Ale to Valentina pozwala sobą kierować w imię szlachetnych uczuć i pobudek. Z miłości i w zaufaniu do męża, podziela jego pasje i marzenia. Gdy ten umiera, w poczuciu fałszywej skromności i zachowaniu moralnych zasad, odrzuca oświadczyny i tym samym zostaje sama w obcym, nieprzyjaznym otoczeniu. Nie ma środków na przetrwanie, musi szukać pracy. Jej doświadczenie w usługiwaniu nie jest na Kubie monetą przetargową. Bogaci plantatorzy posiadają niewolników, którzy są na ich każde zawołanie. Jedynie w burdelu przyjmują ją z otwartymi rękoma. I tu znów kontrolę przejmuje pokorny charakter. Choć nie chce kupczyć swym ciałem, to zaskakująco łatwo poddaje się presji. Szybko staje się najsłynniejszą kurtyzaną na Kubie i obiektem westchnień wpływowych plantatorów.

Mężczyźni w powieści są przedstawieni dość jednoznacznie i jednokierunkowo. Nie liczą się z uczuciami kobiet i wykorzystują je dla własnej wygody oraz do rozładowania napięcia seksualnego. Dla kilku chwil radości i spełnienia są w stanie zrobić wszystko, od zachowań korupcyjnych, poprzez pojedynki, po ciężkie pobicia, śmierć, uprowadzenia. Kobiety nie są dla nich partnerami, a kosztowną ozdobą, którą można się pochwalić, ale i wyrzucić, gdy się popsuje.

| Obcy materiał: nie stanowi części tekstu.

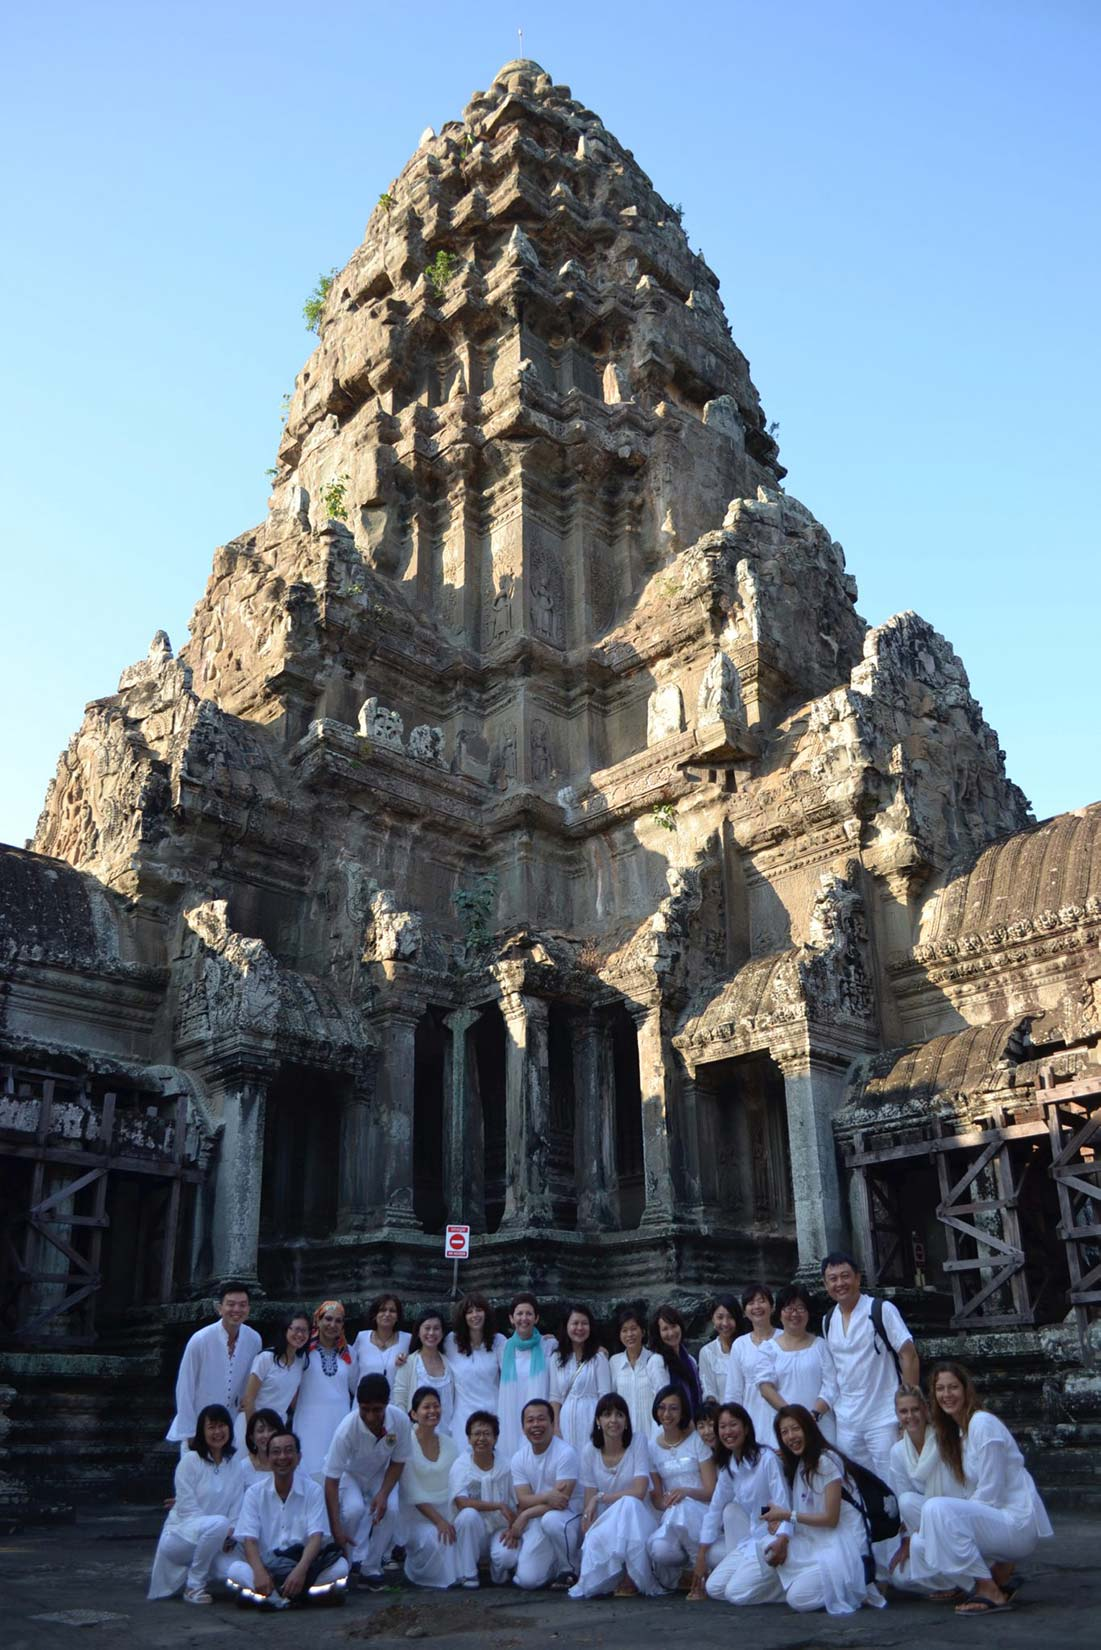 Angkor Wat Private Entry, Cambodia

Carmen Santos przeciwstawia sobie brutalny świat mężczyzn z niewinnością i słabością kobiet. Ale do czasu. Im większa krzywda kobiety, tym większa jej chęć bezlitosnej zemsty i wyrównania rachunków.

"Kto wychowuje się wśród drapieżników, musi skończyć jako jeden z nich."

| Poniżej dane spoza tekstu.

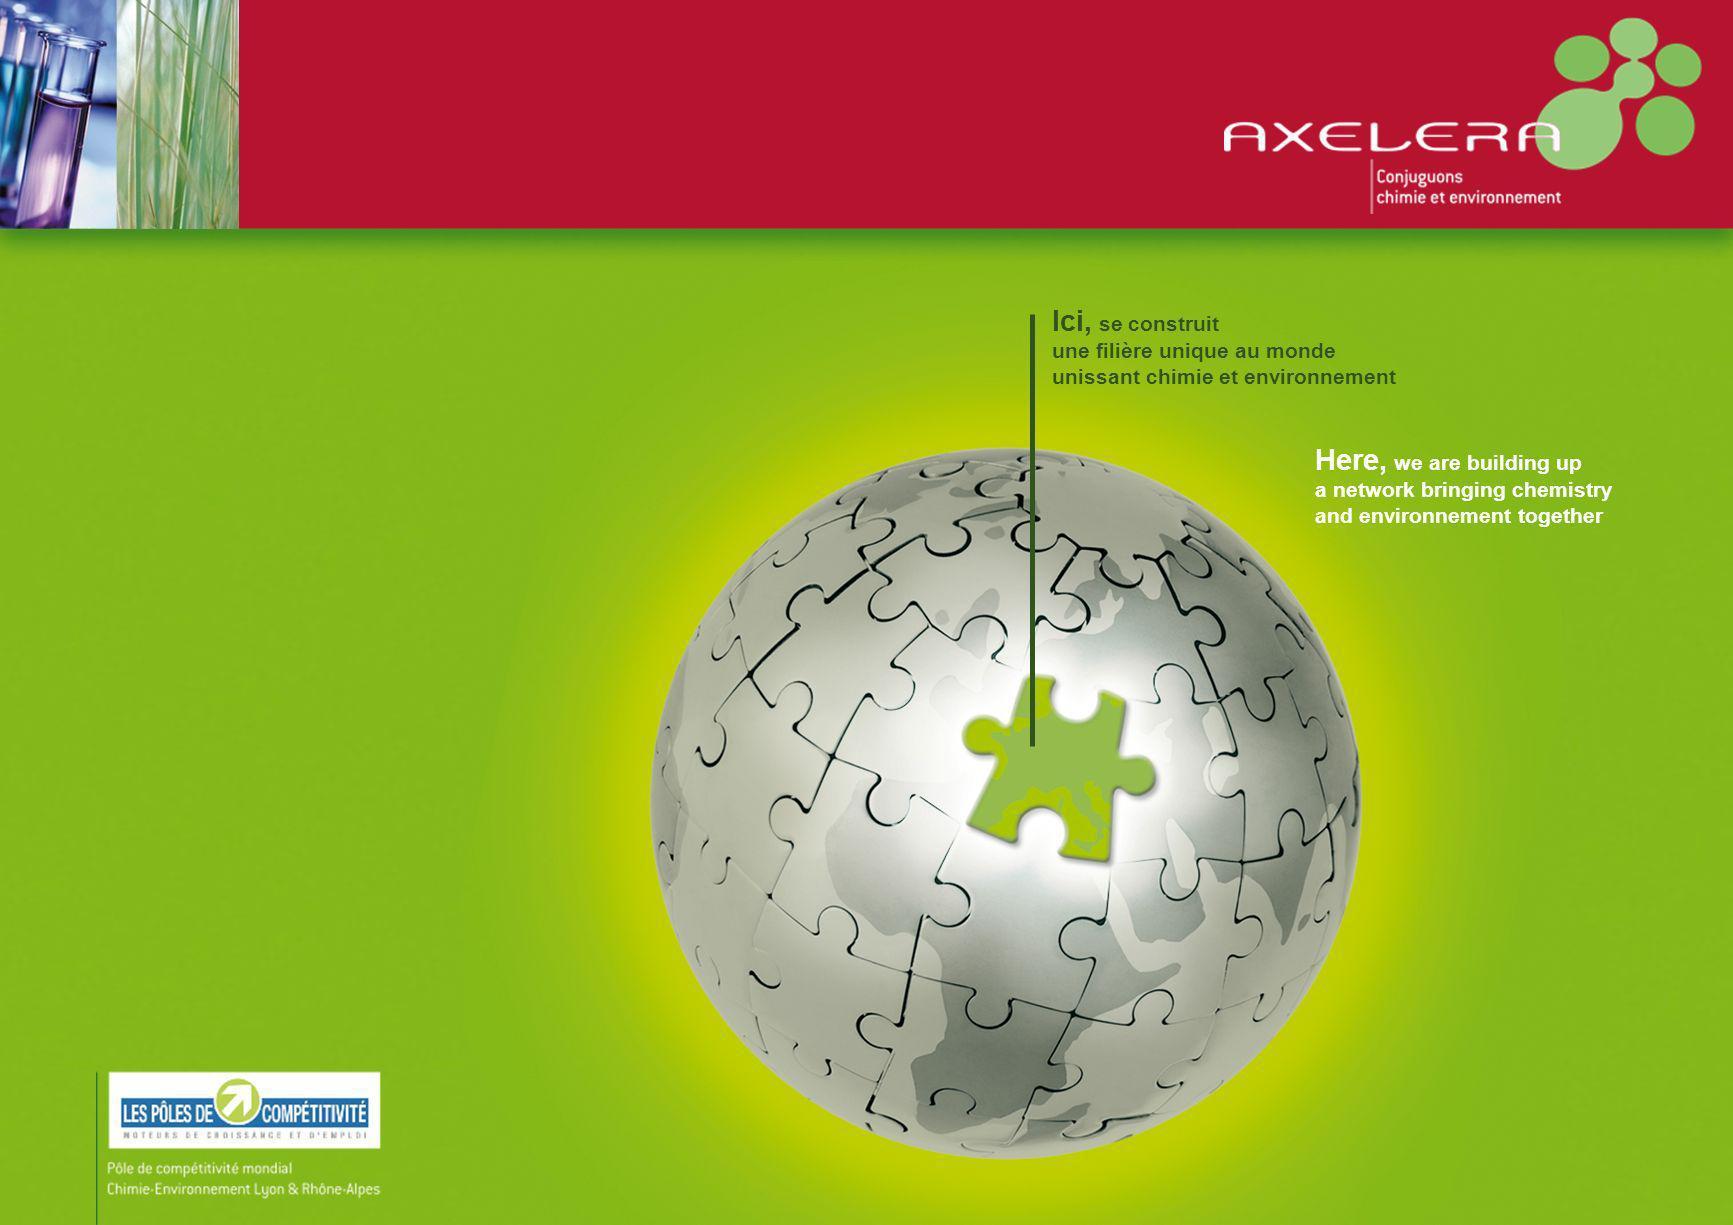 Axelera in short Axelera, a constant evolution: Assessment and demonstration International development The Axelera new strategic plan (2009-2015)

Biorąc książkę do ręki liczyłam na opisy egzotycznej przyrody Karaibów i samej Kuby, codziennego życia na wielkich plantacji trzciny cukrowej i tytoniu, relacji pomiędzy bogatymi panami, a niewolnikami, myśli, odczuć, emocji, smutków i radości rdzennych Kubańczyków. Niestety tego zabrakło w "Popiołach piekła". Autorka skupiła się na Valentinie i tylko z jej perspektywy oddała ducha skolonizowanej przez Hiszpanów wyspy. Czyli spoza murów lunaparu nie widzimy nic szczególnego. Szczątkowe informacje zdobywamy, zbieramy jedynie od przygodnych plantatorów odwiedzających Valentinę w pracy i z opowieści właścicielki domu publicznego.

Udało się za to Carmen Santos choć przelotnie uchwycić ówczesne tło historyczne, nastroje antyhiszpańskie, dochodzenie do władzy Alberta Lincolna, zwolennika zniesienia niewolnictwa.

"Popioły piekła" są pisane prostym, niewyszukanym językiem. Akcja nie ogłusza prędkością, ale miarowo i bezpiecznie doprowadza do końca powieści. Sama historia Valentiny również nie jest skomplikowana ani oryginalna. Carmen Santos stworzyła postać kobiecą, która z uległej, naiwnej, uczuciowej dziewczyny zmieniła się w znającą swą wartość, doświadczoną przez los kobietę, która pała chęcią zemsty. Co prawda udało jej się zaistnieć w świecie zdominowanym i zdemoralizowanym przez mężczyzn ale jakim kosztem...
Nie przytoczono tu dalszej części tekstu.